> _ACTIVITY_
The expected result is the segment of the entries that begins with the line containing "Authors: Samin Dolatabadi, Hannah" and ends with the last line, copied verbatim.
-*-*-
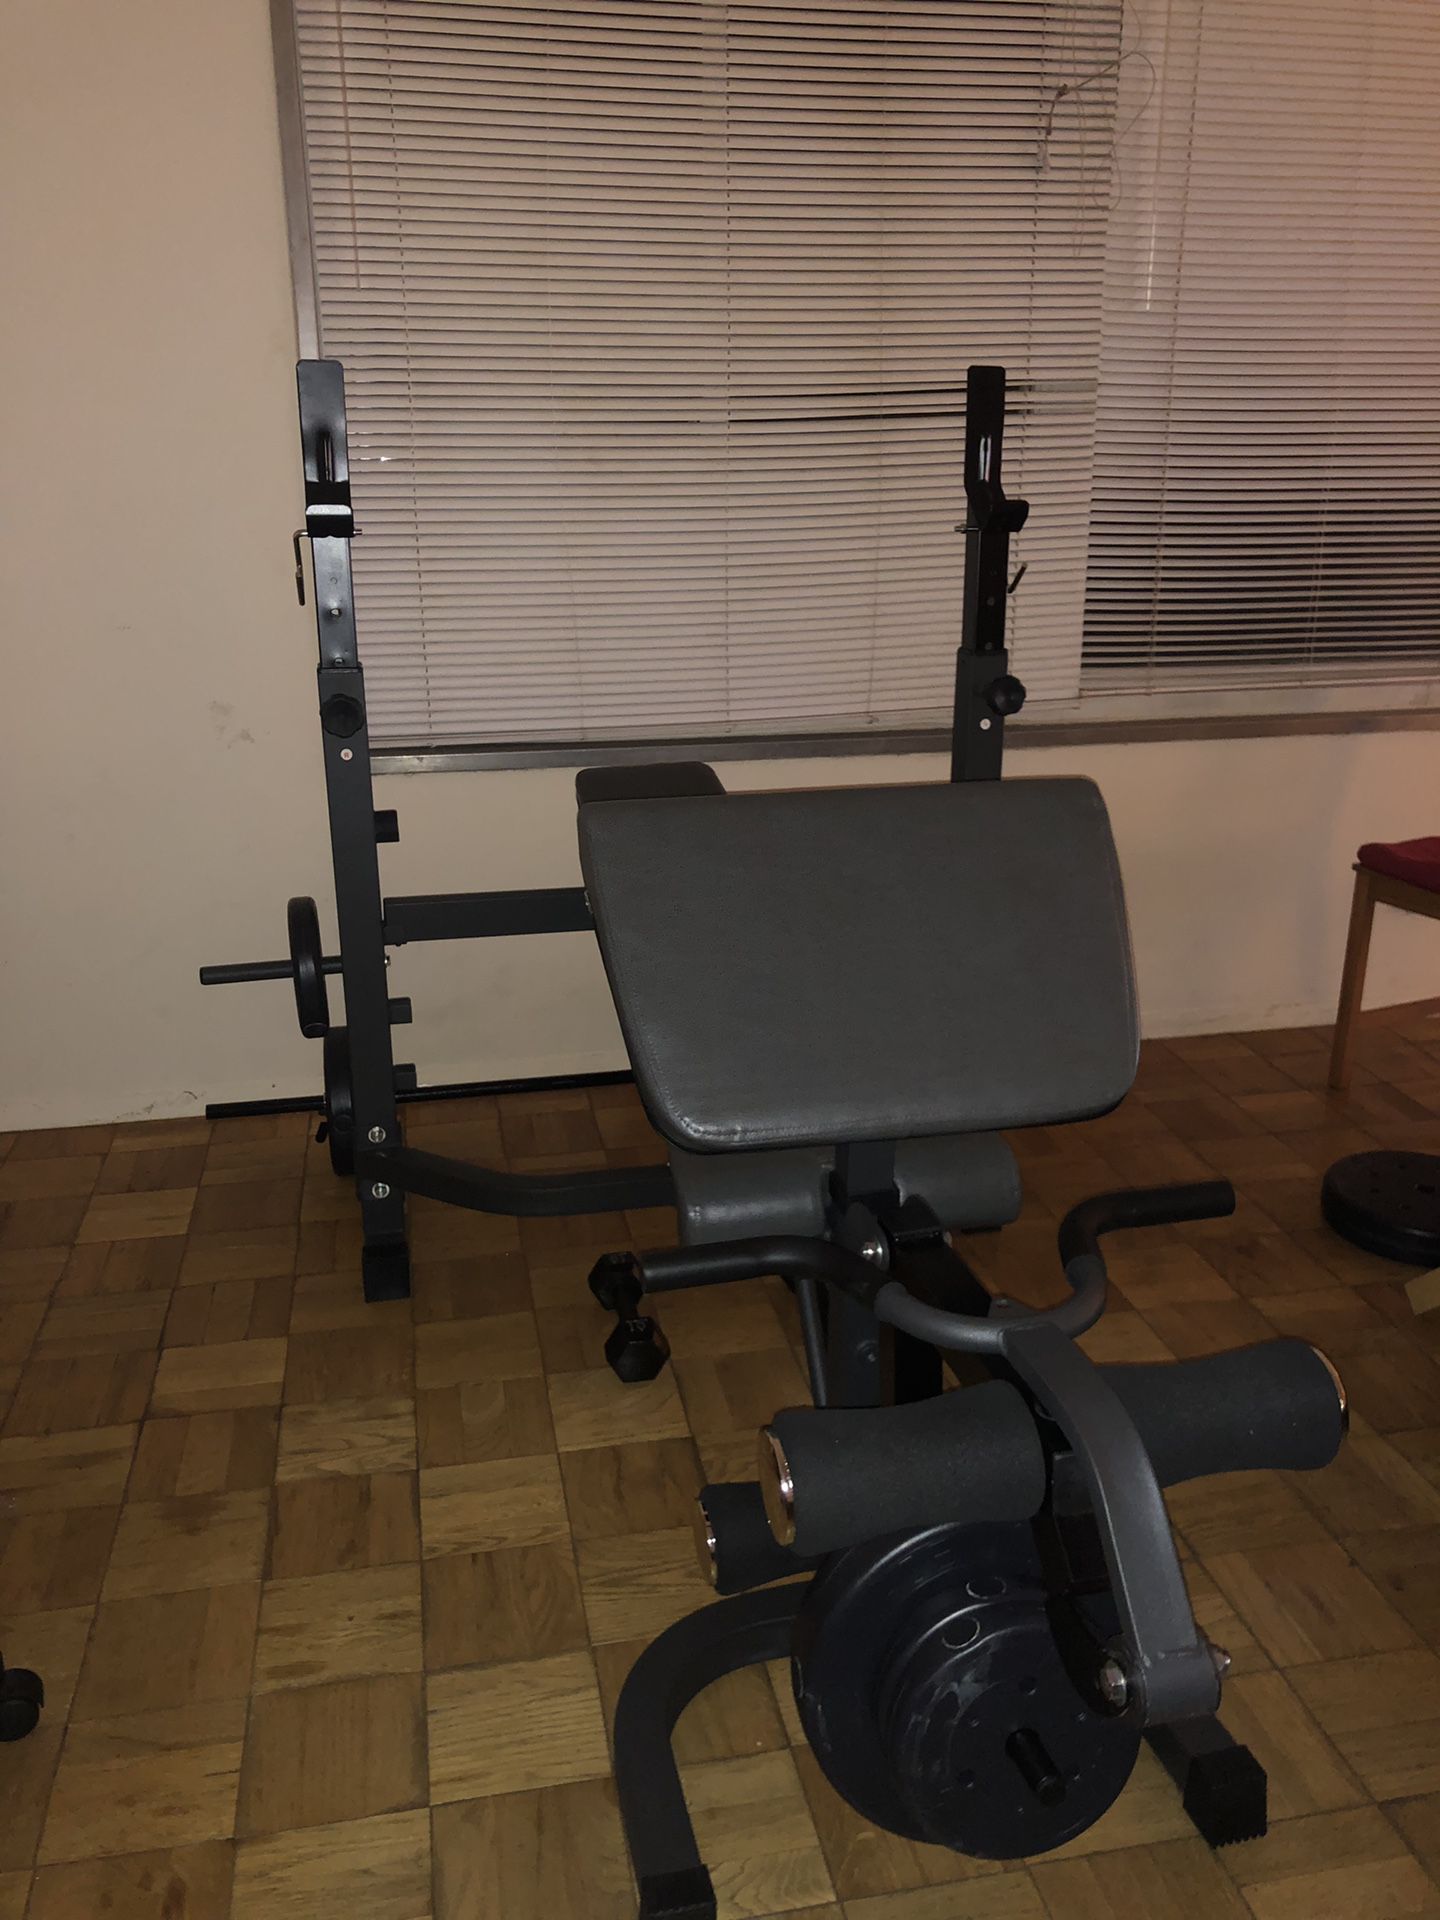 Weight Bench and Duracast Barbell Weight
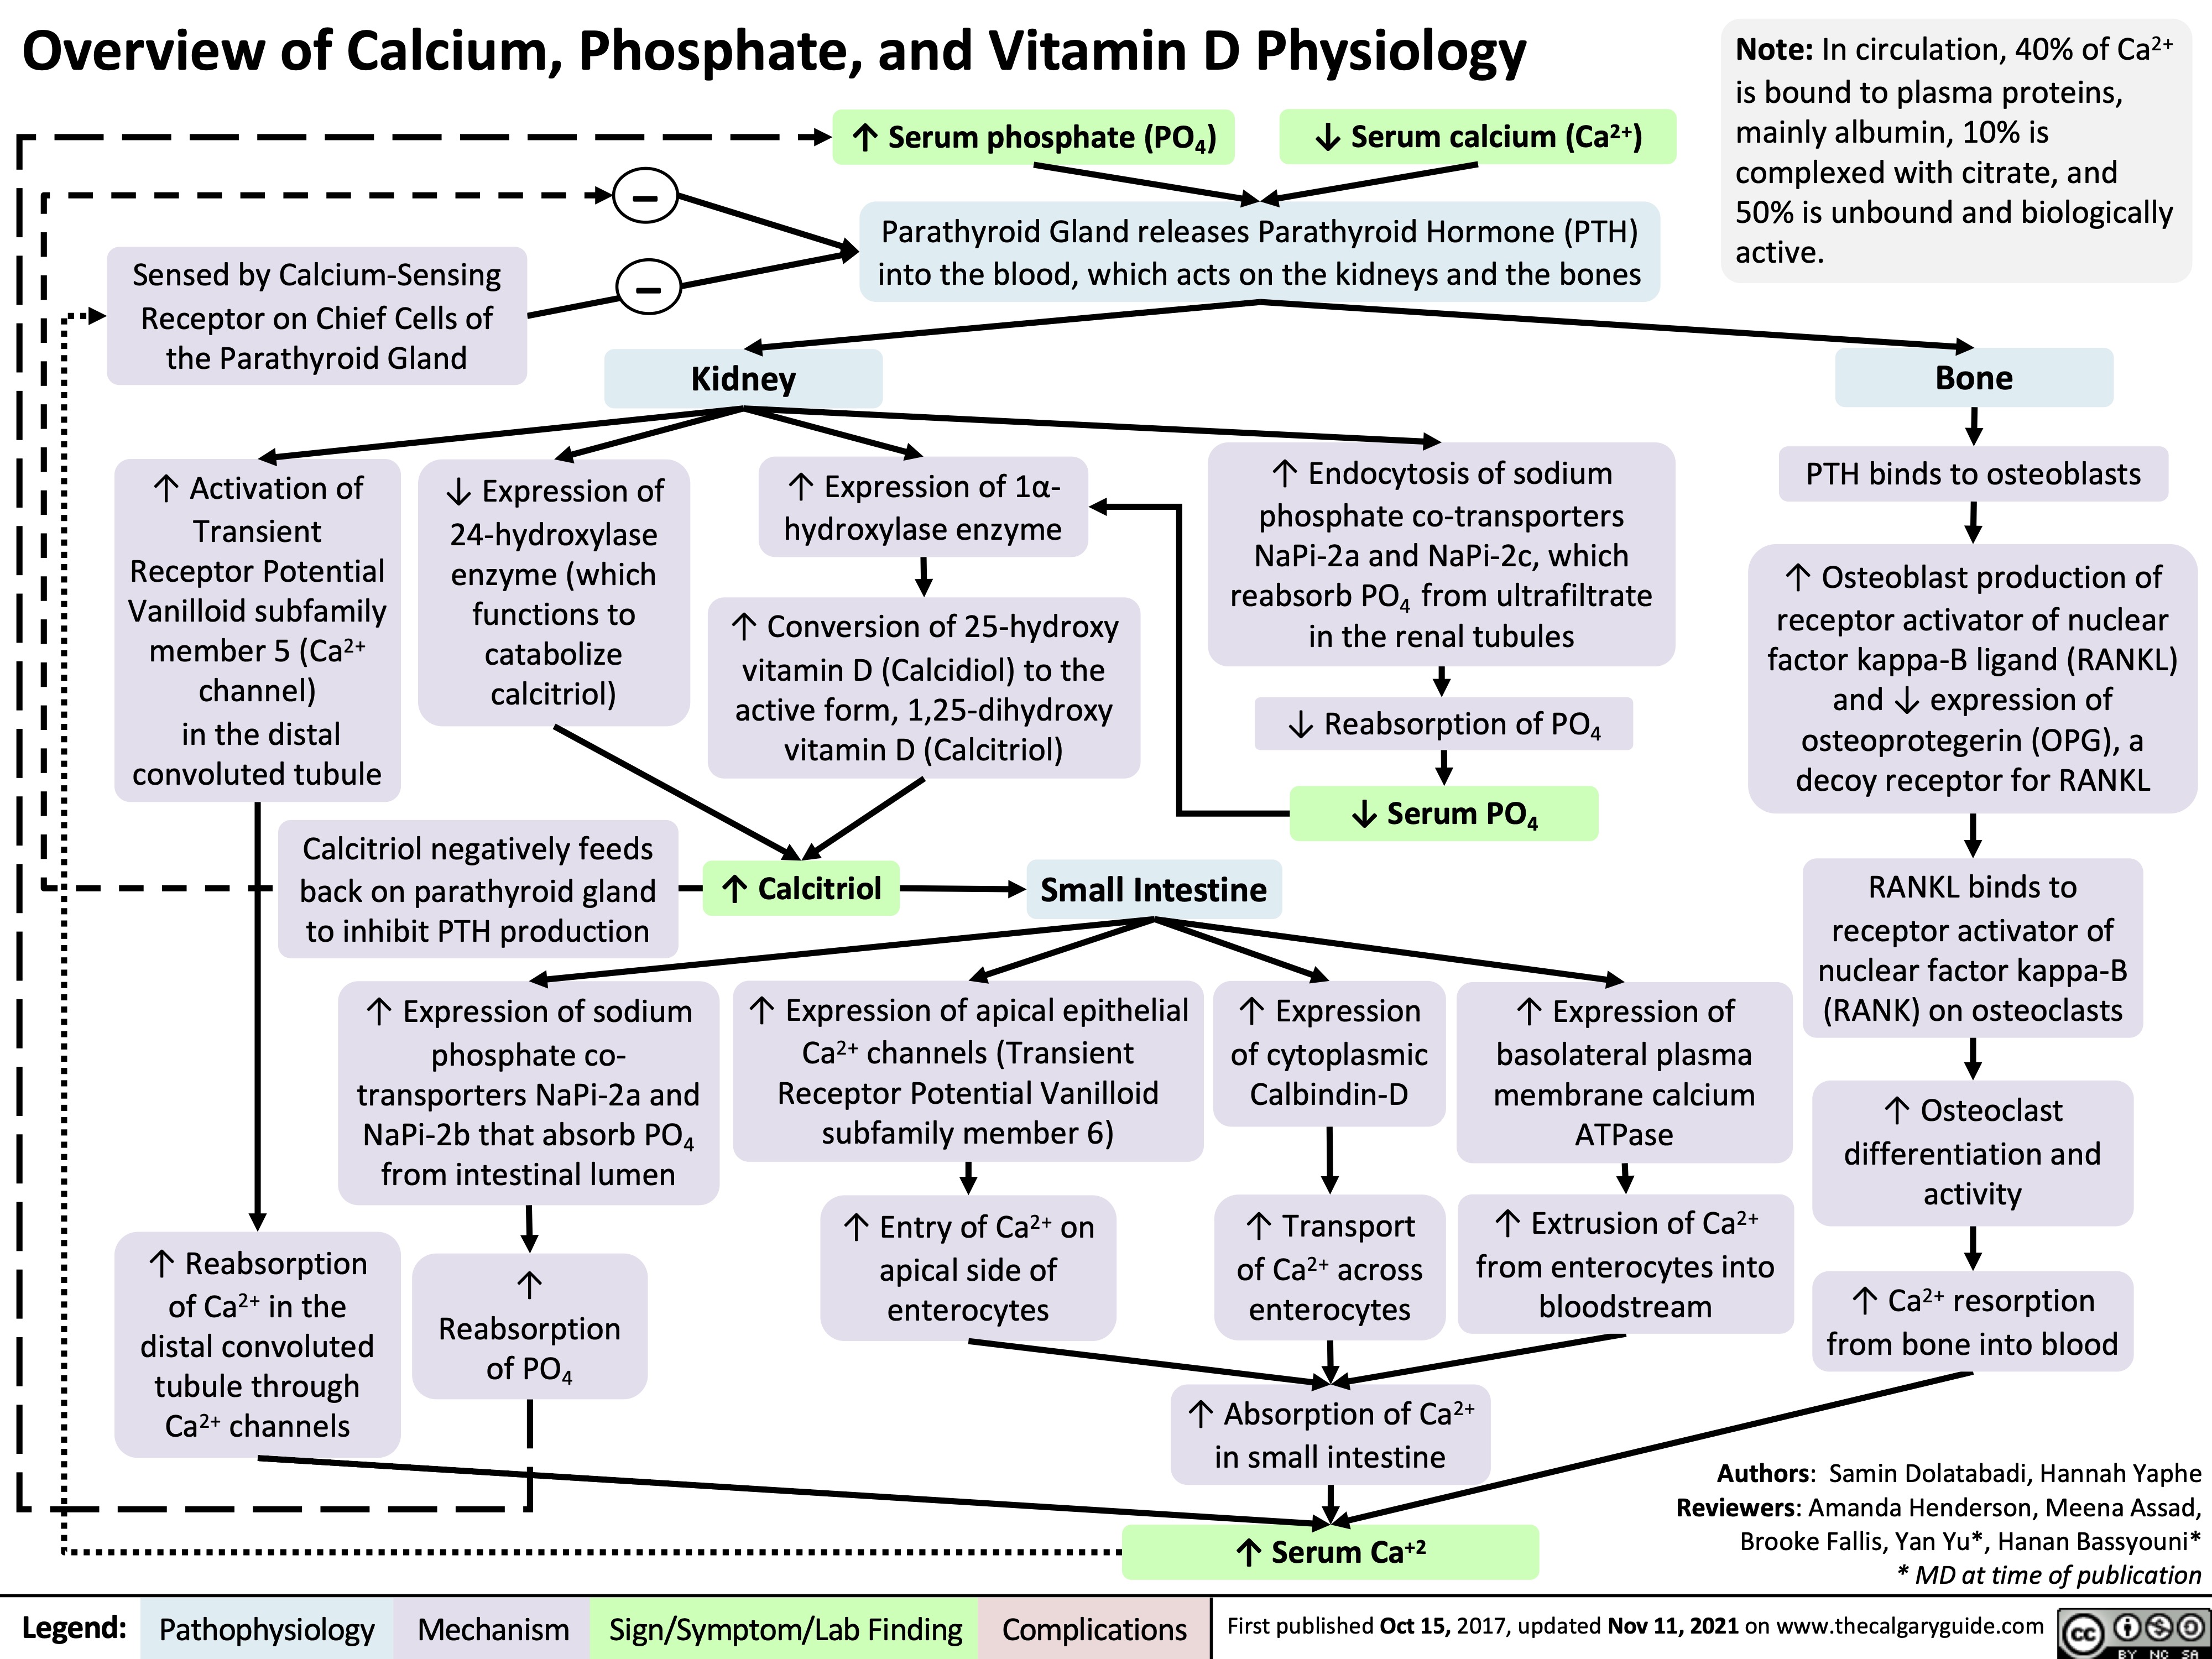 Overview of Calcium, Phosphate, and Vitamin D Physiology
Note: In circulation, 40% of Ca2+ is bound to plasma proteins, mainly albumin, 10% is complexed with citrate, and 50% is unbound and biologically active.
Bone
PTH binds to osteoblasts
↑ Osteoblast production of receptor activator of nuclear factor kappa-B ligand (RANKL) and ↓ expression of osteoprotegerin (OPG), a decoy receptor for RANKL
RANKL binds to receptor activator of nuclear factor kappa-B (RANK) on osteoclasts
↑ Osteoclast differentiation and activity
↑ Ca2+ resorption from bone into blood
           Sensed by Calcium-Sensing Receptor on Chief Cells of the Parathyroid Gland
− −
↑ Serum phosphate (PO4) ↓ Serum calcium (Ca2+)
Parathyroid Gland releases Parathyroid Hormone (PTH) into the blood, which acts on the kidneys and the bones
     Kidney
      ↑ Activation of Transient Receptor Potential Vanilloid subfamily member 5 (Ca2+ channel)
in the distal convoluted tubule
↓ Expression of 24-hydroxylase enzyme (which functions to catabolize calcitriol)
↑ Expression of 1α- hydroxylase enzyme
↑ Conversion of 25-hydroxy vitamin D (Calcidiol) to the
active form, 1,25-dihydroxy vitamin D (Calcitriol)
↑ Calcitriol       Small Intestine
↑ Endocytosis of sodium phosphate co-transporters NaPi-2a and NaPi-2c, which reabsorb PO4 from ultrafiltrate in the renal tubules
↓ Reabsorption of PO 4
↓ Serum PO
            Calcitriol negatively feeds back on parathyroid gland to inhibit PTH production
↑ Expression of sodium phosphate co- transporters NaPi-2a and NaPi-2b that absorb PO4 from intestinal lumen
4
       ↑ Expression of apical epithelial Ca2+ channels (Transient Receptor Potential Vanilloid subfamily member 6)
↑ Entry of Ca2+ on apical side of enterocytes
     ↑ Reabsorption of Ca2+ in the distal convoluted tubule through Ca2+ channels
↑ Reabsorption of PO
↑ Expression of cytoplasmic Calbindin-D
↑ Transport of Ca2+ across enterocytes
↑ Absorption of Ca2+ in small intestine
↑ Serum Ca+2
↑ Expression of basolateral plasma membrane calcium ATPase
↑ Extrusion of Ca2+ from enterocytes into bloodstream
    4
   Authors: Samin Dolatabadi, Hannah Yaphe Reviewers: Amanda Henderson, Meena Assad, Brooke Fallis, Yan Yu*, Hanan Bassyouni* * MD at time of publication
  Legend:
 Pathophysiology
 Mechanism
Sign/Symptom/Lab Finding
 Complications
 First published Oct 15, 2017, updated Nov 11, 2021 on www.thecalgaryguide.com
-*-*-
> _ANSWER SECTION_
   Authors: Samin Dolatabadi, Hannah Yaphe Reviewers: Amanda Henderson, Meena Assad, Brooke Fallis, Yan Yu*, Hanan Bassyouni* * MD at time of publication
  Legend:
 Pathophysiology
 Mechanism
Sign/Symptom/Lab Finding
 Complications
 First published Oct 15, 2017, updated Nov 11, 2021 on www.thecalgaryguide.com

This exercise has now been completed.